# Did anyone have this issue with transferring du services?



## xxxxxxxxxxxxxxxxxStewartC (Mar 3, 2012)

Against my better judgement and for the terrible reason that it's better to stick with the devil you know I decided to transfer my du broadband and TV to our new place in Arabian Ranches. I checked with du what documentation they would need and sent it off today by email.
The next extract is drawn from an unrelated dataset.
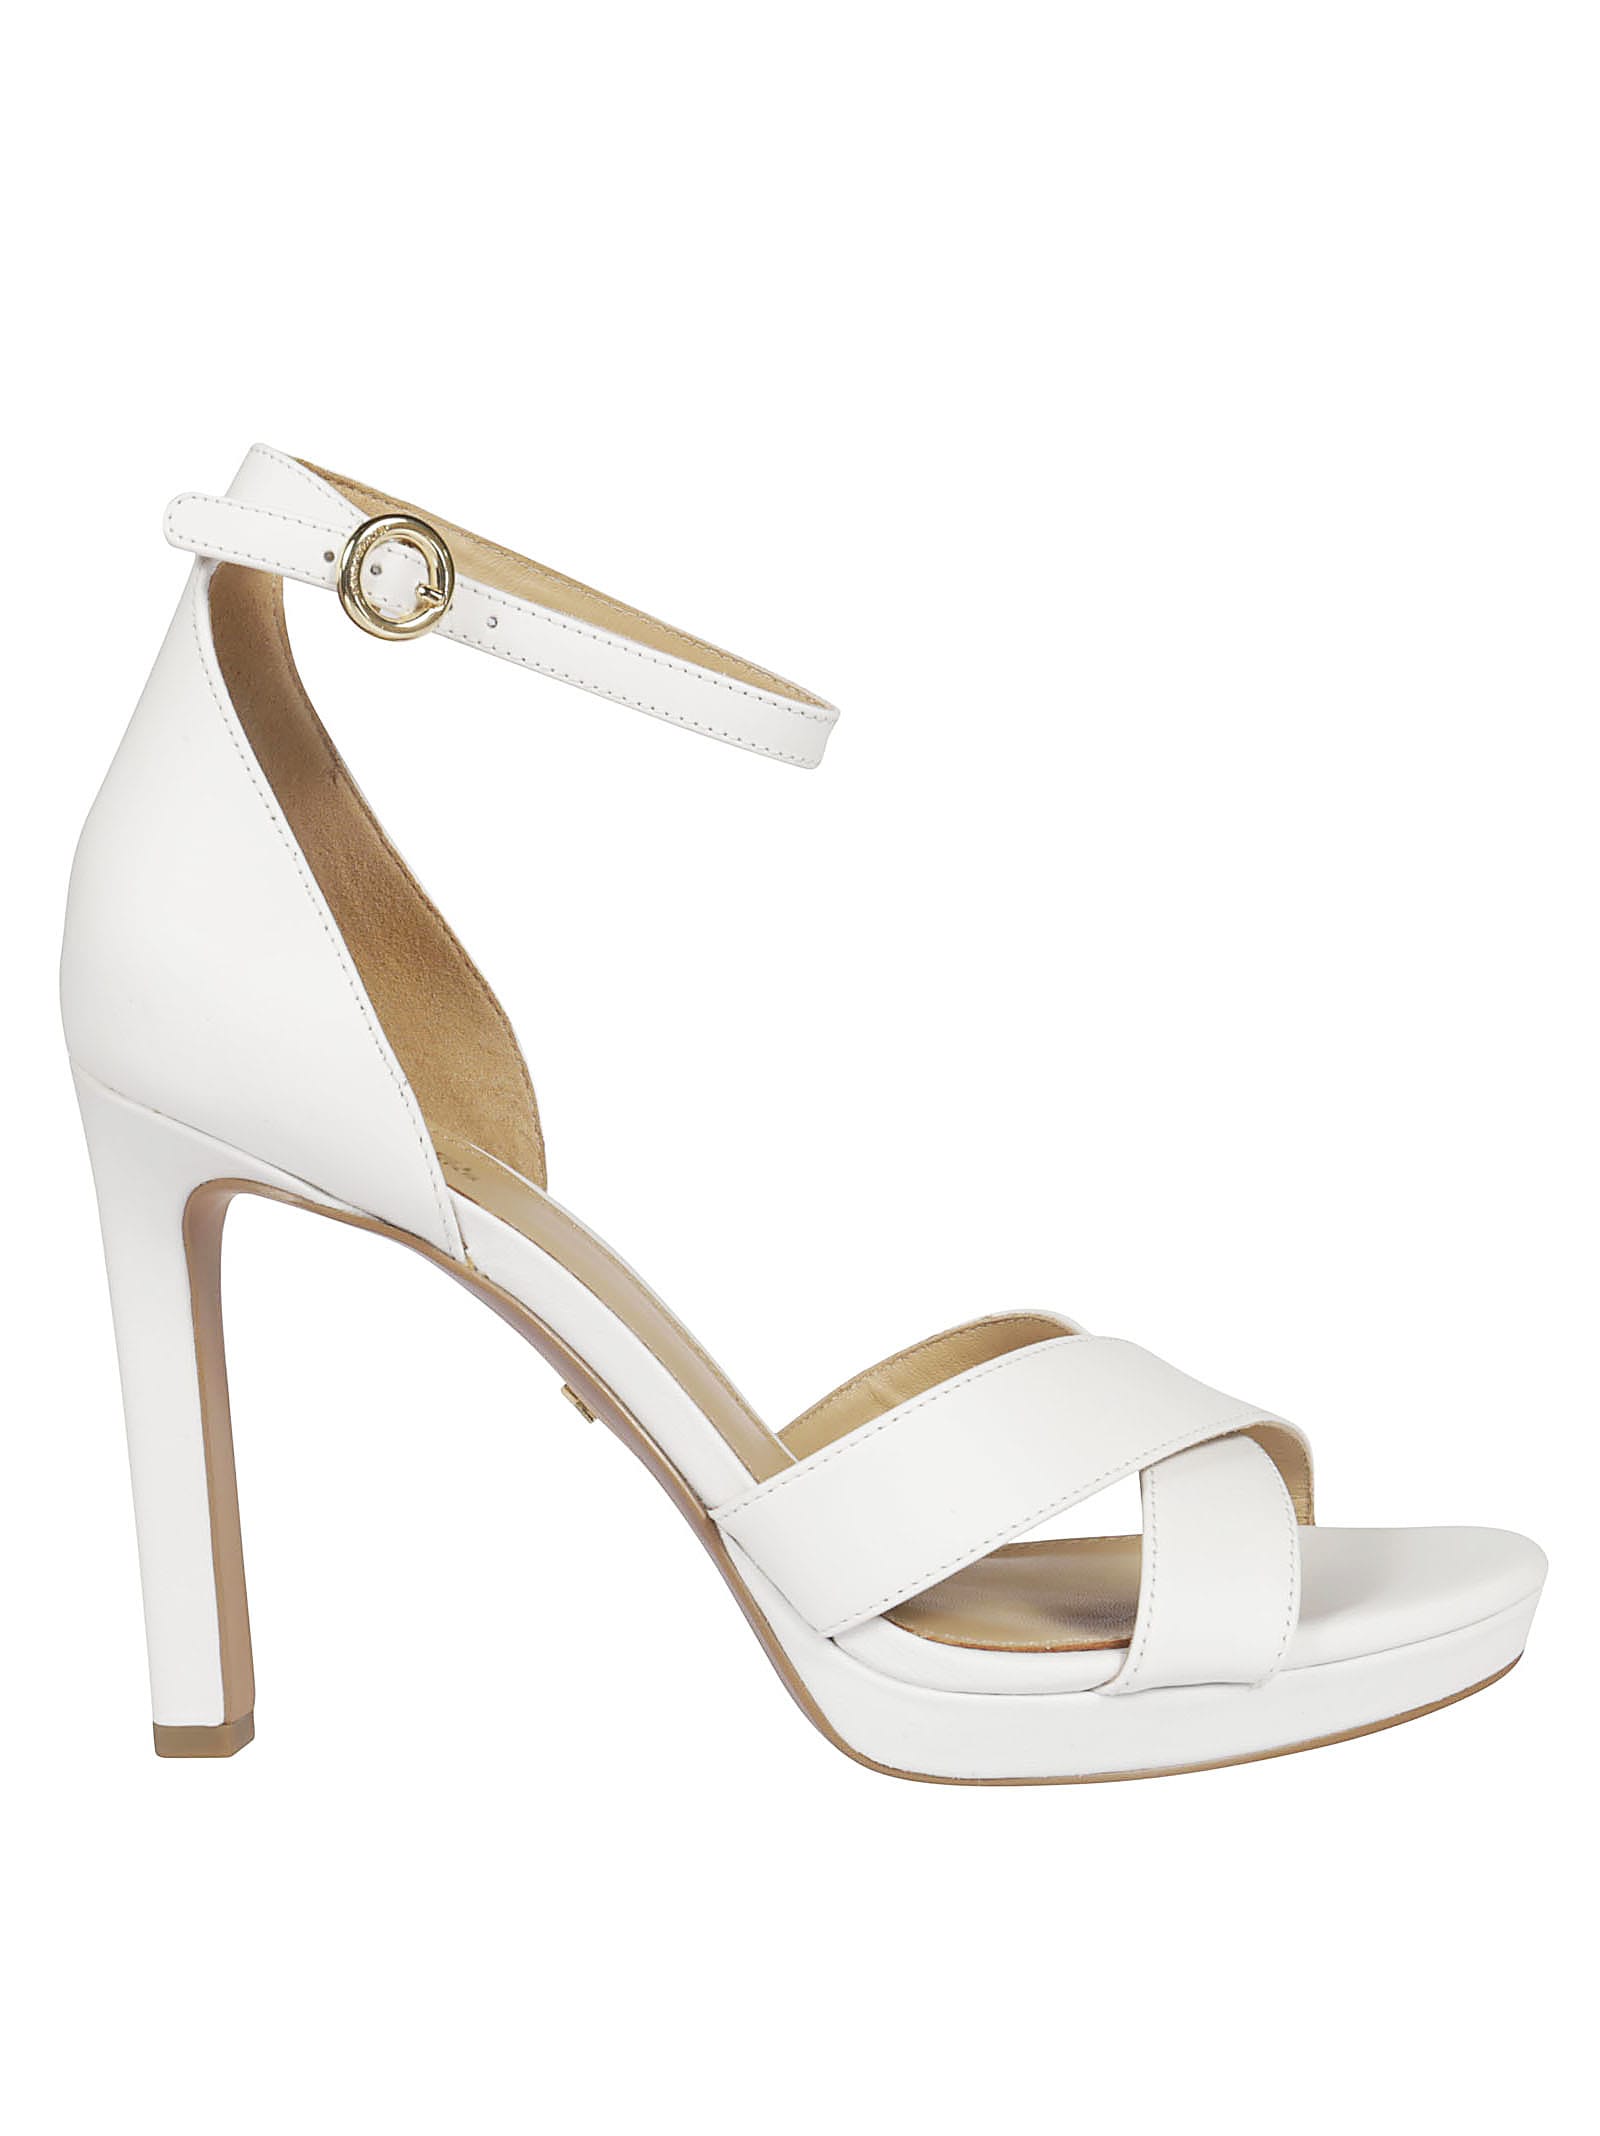 michael kors white high heels

They have now come up with something new that we need and about which they didn't tell us:

"Kindly note in addition to the attached documents we also need the RERA certificate (registration of the tenancy contract at the Real Estate Regulatory Agency is now mandatory as per UAE regulation). This certificate is an attestation that your tenancy contract has been registered at the Real Estate Regulatory Agency (RERA). To obtain the certificate you need to: 

· Get your tenancy contract registered 

· Ask for the certification copy."

Has anyone else come across this? Is there an alternative broadband service at AR as I've just about had enough of this terrible, terrible company?


----------



## m1key (Jun 29, 2011)

Nope. It is Du, or 3g/4g. You need to get your tenancy EJARI registered anyway, so it just means a short delay whilst you get that done.

PS - Du are crap, but so is Etisalat...


----------



## xxxxxxxxxxxxxxxxxStewartC (Mar 3, 2012)

m1key said:


> Nope. It is Du, or 3g/4g. You need to get your tenancy EJARI registered anyway, so it just means a short delay whilst you get that done.
> 
> PS - Du are crap, but so is Etisalat...
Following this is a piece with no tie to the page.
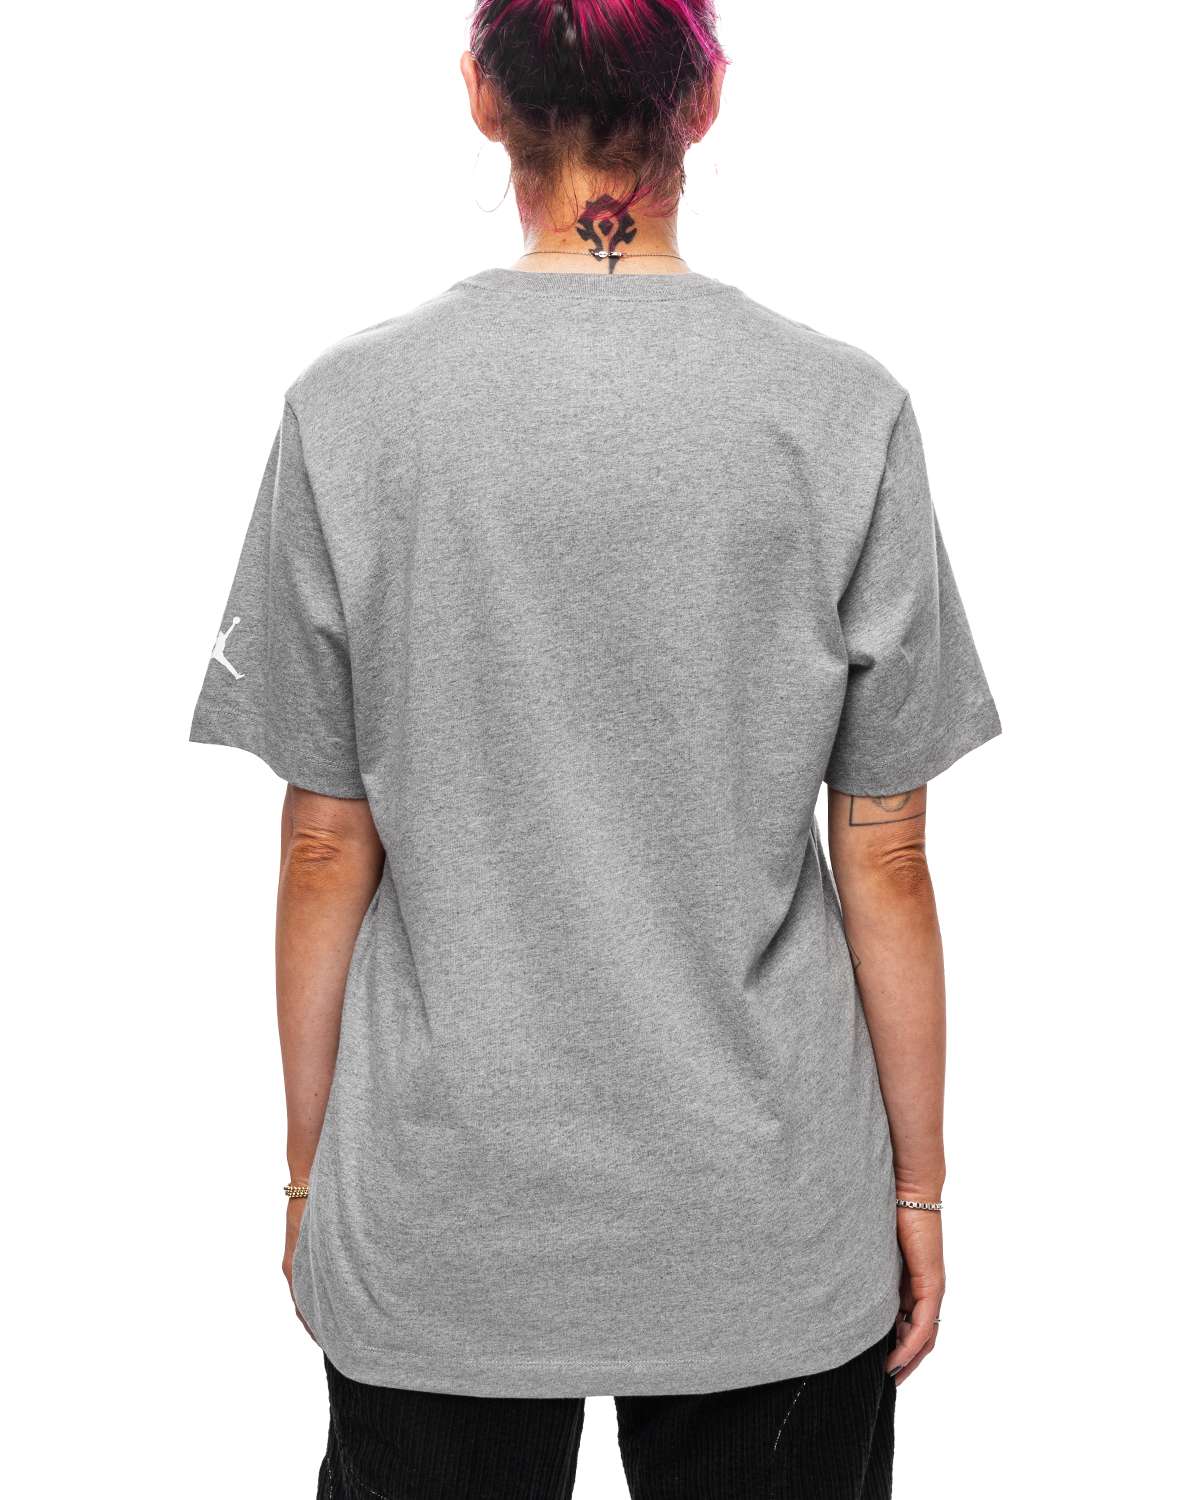 Brand T-Shirt Carbon Heather/White

Thanks. Why didn't they tell us? Why don't they have a web page that tells you what's necessary when you move? We had a tight moving schedule in place around work and other things. Really considering not having TV or broadband. Who needs it, really?


----------



## m1key (Jun 29, 2011)

StewartC said:


> Thanks. Why didn't they tell us? Why don't they have a web page that tells you what's necessary when you move? We had a tight moving schedule in place around work and other things. Really considering not having TV or broadband. Who needs it, really?


Helpfulness is not a priority here I'm afraid. In fact, I've come to the conclusion it is a dirty word for the majority. A company that has clear and concise information, sensible policies and pricing would clean up given half a chance.

If you have the documentation, you should be able to get the Ejari done on Sunday. The landlord can do it online if you can persuade him. 160 AED it costs.

Good luck...


----------